His training can be carried on beyond limit; his knowledge increases daily, and his devotion is unbounded. Of all the race, the retriever is probably the most intelligent; as, in fact, intelligence is one of his necessary qualifications. For this work no breed has the slightest value unless the individuals possess rare sagacity and almost human judgment. Some of the most valuable English dogs have been from an accidental cross; and a pure cur with a heavy coat is often as good as any other.

There is in England a strain of dogs known as retrievers; they are mostly used in connexion with upland shooting, as English pointers and setters are not broken to fetch; but the favorite animals for wild-fowl shooting, which have made their name notorious in connexion with this specialty, have generally come from parents neither of which possesses the true retriever blood.

In this country the best breed will have some of the Newfoundland strain; the animal must be clothed with a dense coat of thick hair to endure the severe exposure to which he is subjected, and must be endowed with a natural aptitude and passion for swimming. The usual color is dark, which, in the writer’s judgment, is a great mistake; and the only really distinct breed of retrievers is known as that of Baltimore.
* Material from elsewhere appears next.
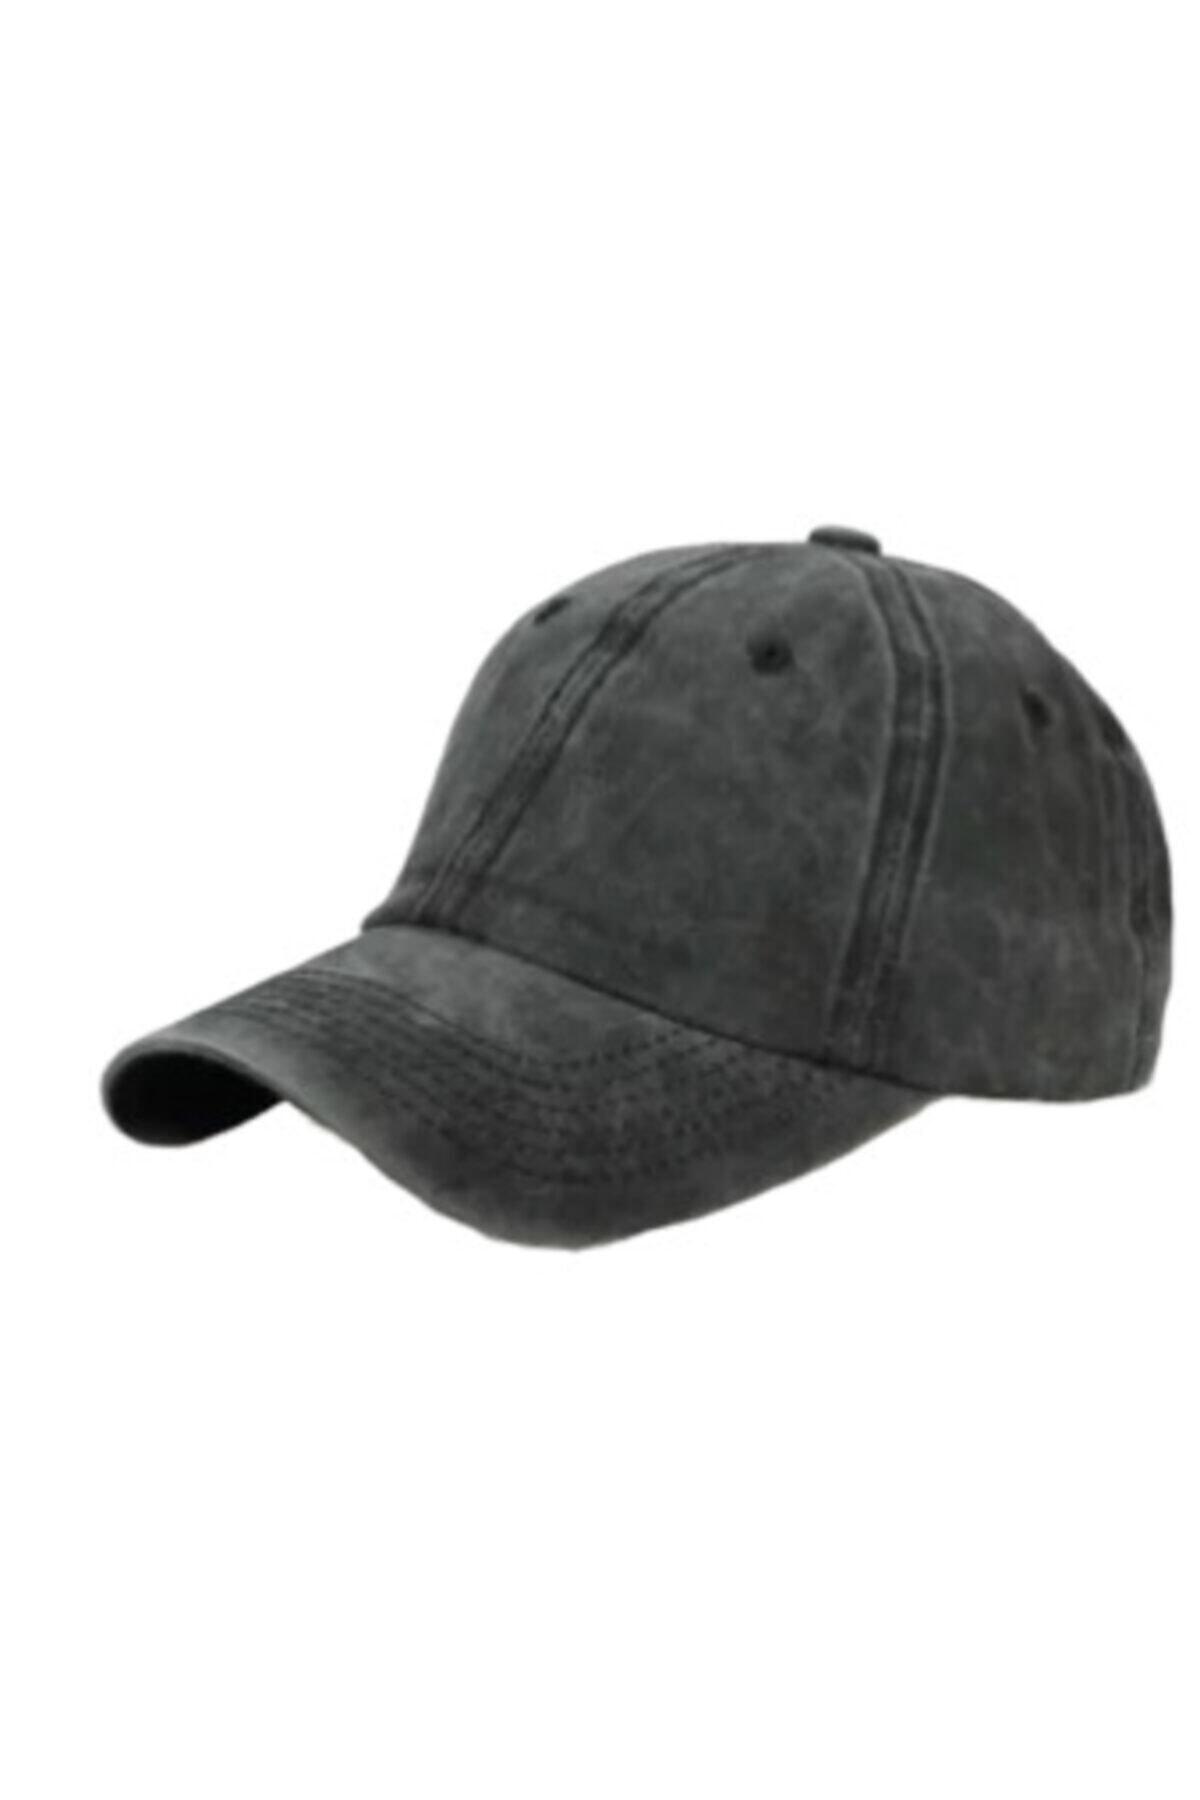 Eskitme Şapka Modeli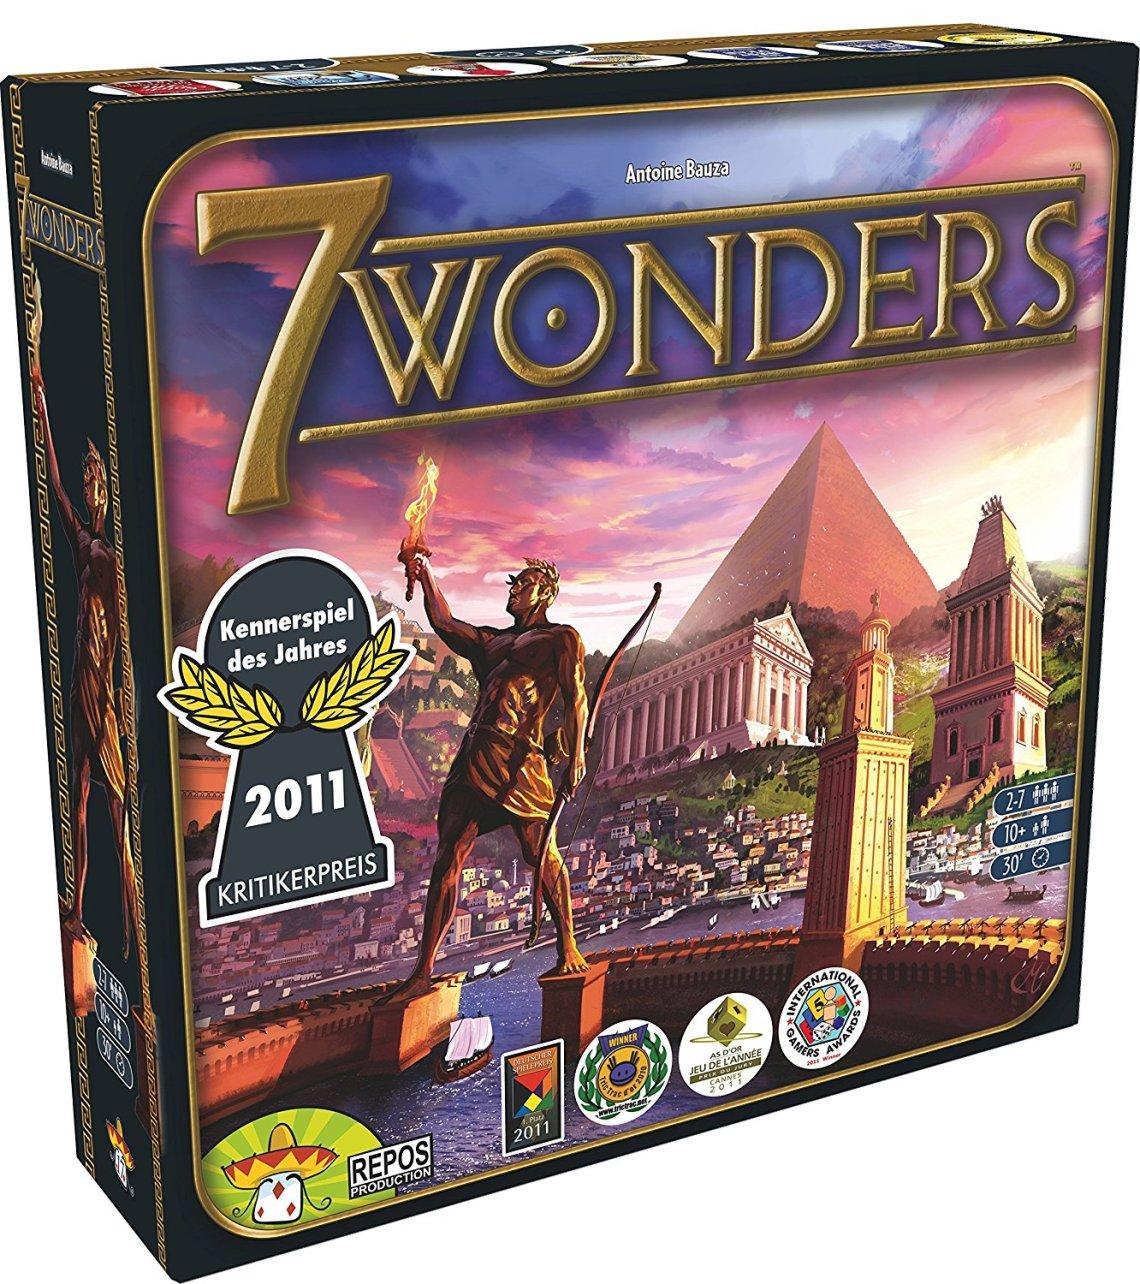 Games, Toys & more Familienspiele Linz 7 Wonders

In the Southern States the dog, as an assistant in wild-fowl shooting, has always been in far greater repute than at the North; although the inland lakes of the latter, the extensive marshes closely grown up with tall zimosas, matted wild oats, and thick weeds, make his services far more desirable. At the South alone has any intelligent attention been given to raising a superior strain of retrievers; and

SHRIMP FISHING.

whether we seek an animal that by his curious motions will toll ducks up to the stand, or by his natural intelligence will aid the punt-shooter in recovering his game, it is at the South alone that we can find any admitted pedigree.

In the Northern States, however, the “native,” as he is called at the West—probably from the fact that he is invariably a foreigner—selects any promising pup, and by means of much flogging and steady work trains him to a faint knowledge of his duties. A young dog loves to fetch, and will take pleasure in chasing a ball thrown for him round the room, and if he is a water-dog, naturally brings from the water a stick cast into it, so that the routine part is easily impressed upon him; but an animal with this proficiency alone is scarcely worth keeping.